The other day, I found myself flipping through records in massive clothing chain Urban Outfitters. I know. I had certain expectations about what I'd find: Bob Marley, Dr. Dre, maybe some new dance records like Niki & The Dove, and not much else. Basically, the vinyl equivalent of a sidewalk dorm room poster sale.
Instead, I kept finding more and more crates full of more and more records. And pretty decent ones! And not super expensive (generally between $10 and $20). Still, I thought, I probably shouldn't buy a record at Urban Outfitters. Right?
The more I thought about it, though, the more I realized that I couldn't really articulate why I felt like I shouldn't shop there. They're putting small record stores out of business? Their CEO is evil? Somehow nothing in my size ever makes it to the deep sale rack? Something. I honestly didn't know.
In recent years, Urban has gone big in music sales, becoming one of the nation's largest retailers of vinyl records (they were already probably the nation's largest backless tankini and Charlie Brown Christmas Tree retailer). Is this something we should be worried about? Is Urban Outfitters devaluing musical culture, or doing the important work of actually putting music in front of people who are in a mood to spend money?
One person who's a big fan of music shopping at Urban Outfitters is Jason Jordan. Today, he's at a company called SynchTank, after many years in major label A&R. But back in 1992, he was putting himself through college with a bunch of jobs, including one as a security guard at Urban Outfitters' flagship Philadelphia store.
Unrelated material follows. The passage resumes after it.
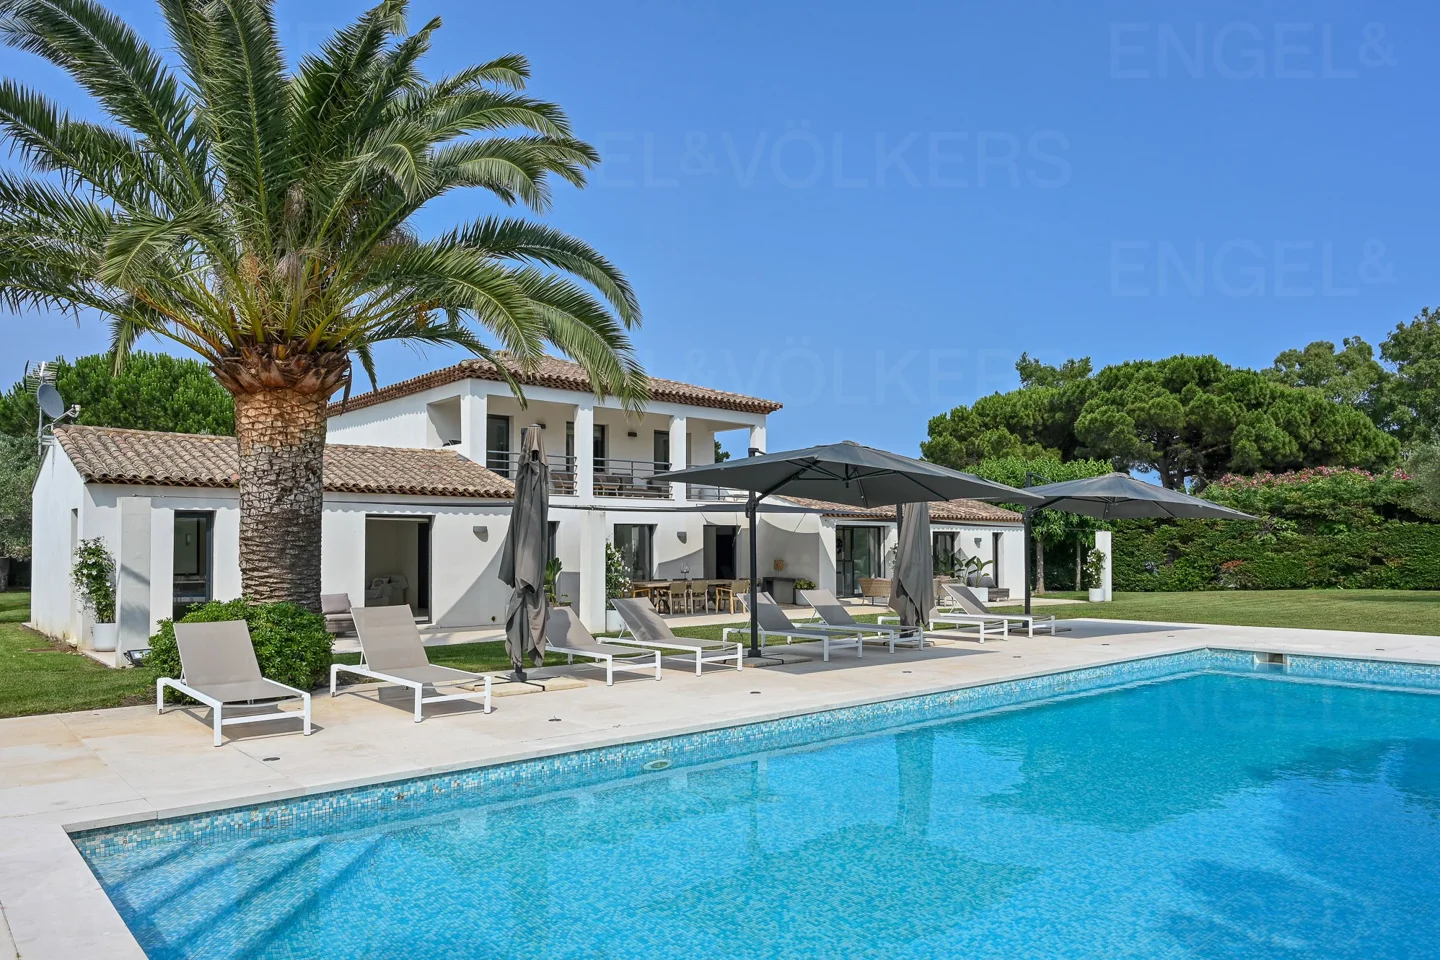 Villa in a sought-after area of Saint Tropez

"Part of working in a store is that you hear the same songs over and over," he says. "It becomes the fabric of the retail buying experience." In 1992, that music was Lenny Kravitz's Are You Gonna Go My Way. "It was on constantly. To this day, I know that album backwards and forwards." Eventually, he couldn't stand to hear it one more time.
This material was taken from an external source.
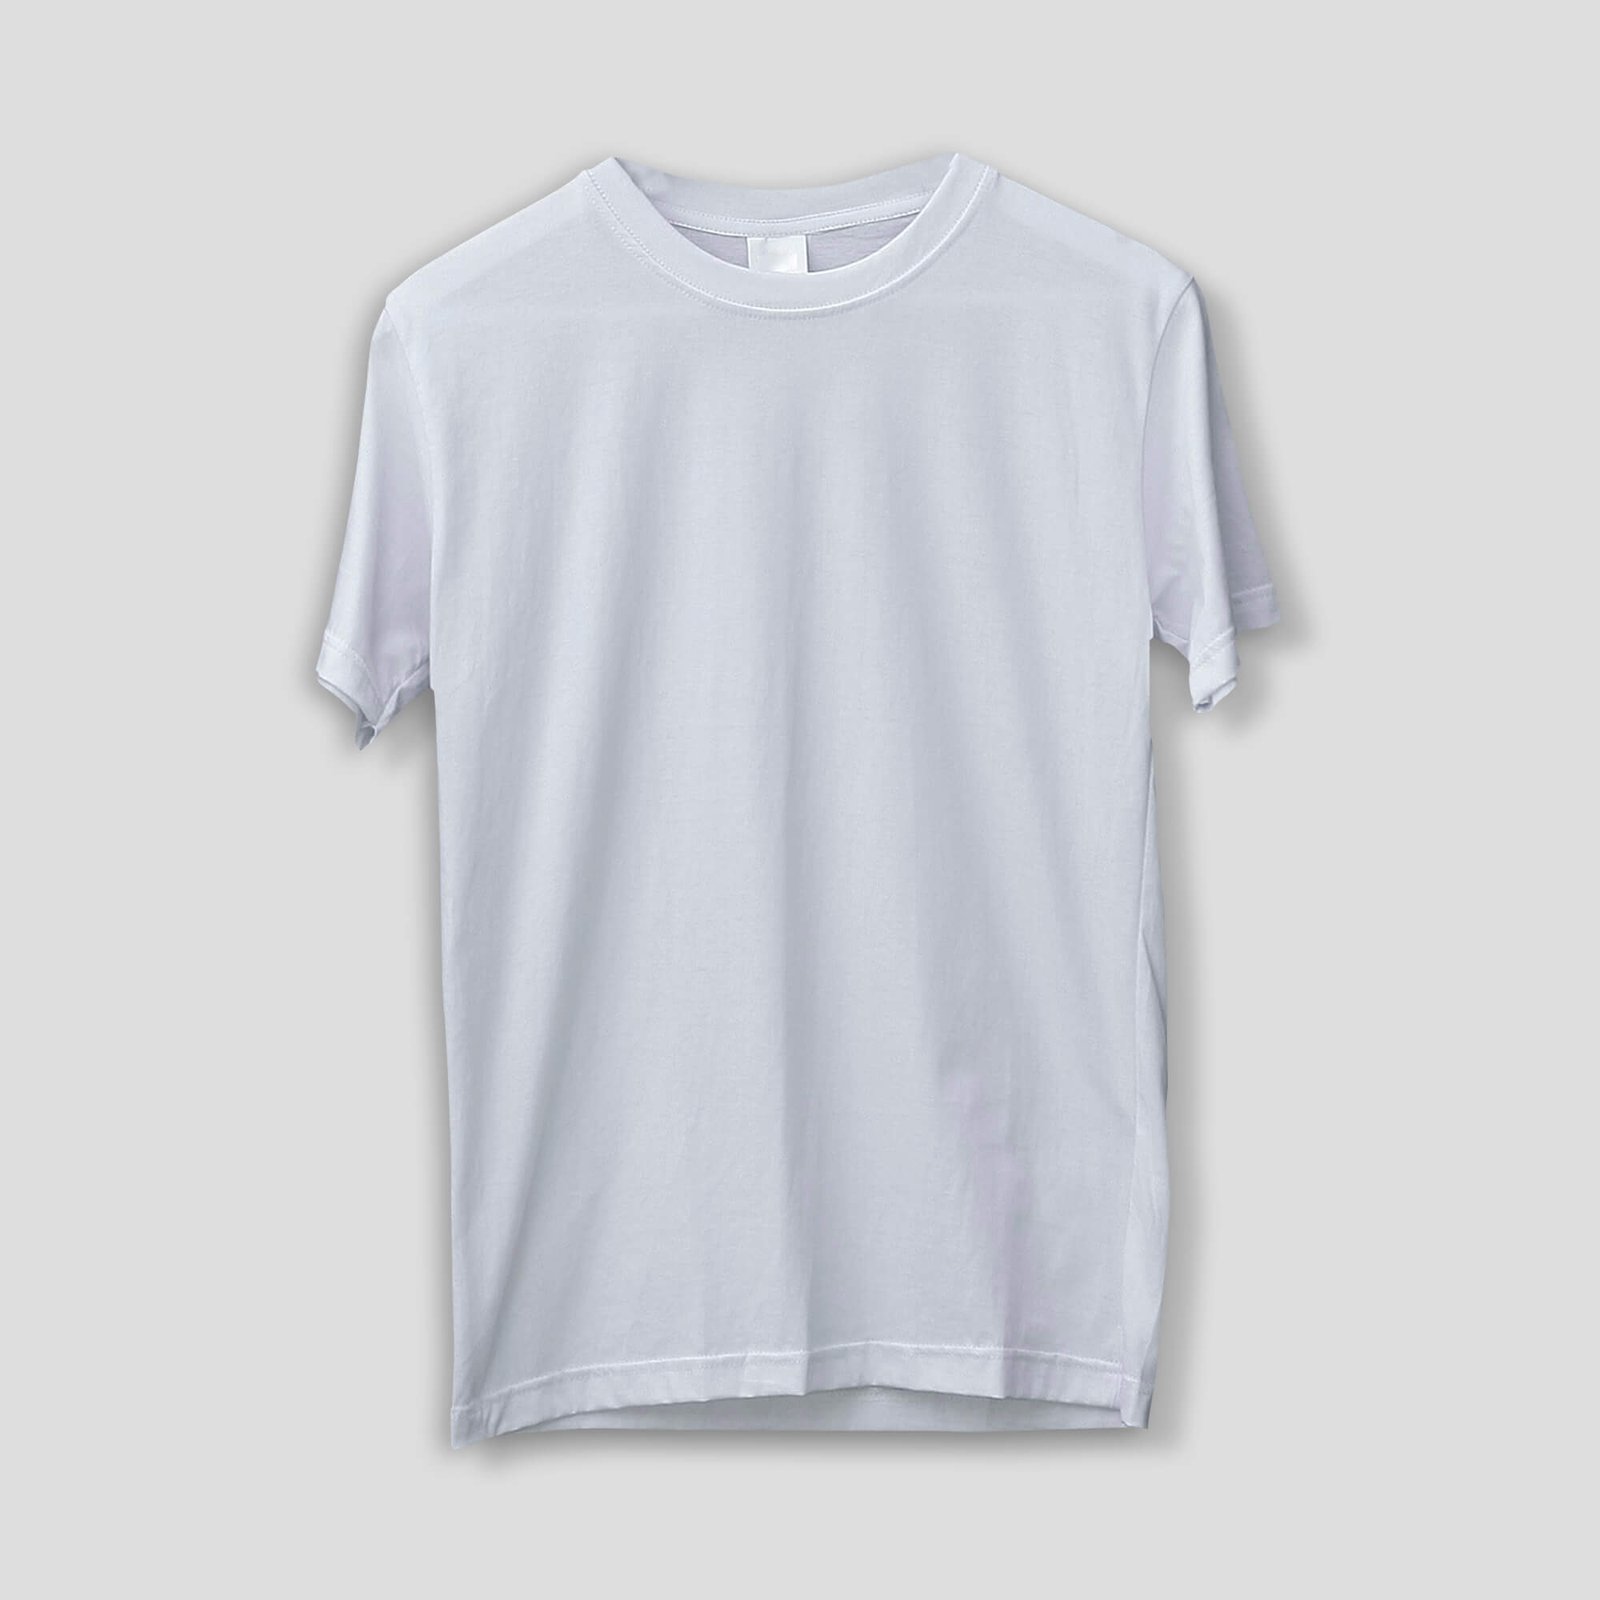 Blank Free Oversize Girl T-Shirt Mockup PSD Template

"It was 20 years ago, so I don't remember all the details," he says, "but I remember talking to [Urban Outfitters CEO] Dick Hayne, and saying, look, there's an opportunity here to really get into the culture business." Part of that was choosing the music they played in their store more carefully. Instead of being fired, he was given a job in the advertising department and put in charge of coordinating all the music for their thirty-six stores. He's proud of what he helped start.
This approval isn't universal. It's true that the store has developed something of an icky reputation as they've expanded over the past decade, whether it be for incorporating Native American patterns into their panties, planning to open up a bar in a store in Williamsburg, or just straight stealing designs. To many people, the store represents the commodification of culture, the watering down of things that are supposed to be independent and somehow, in some way, anti-establishment. Like rap in a McDonald's commercial, or Iggy Pop in that car ad.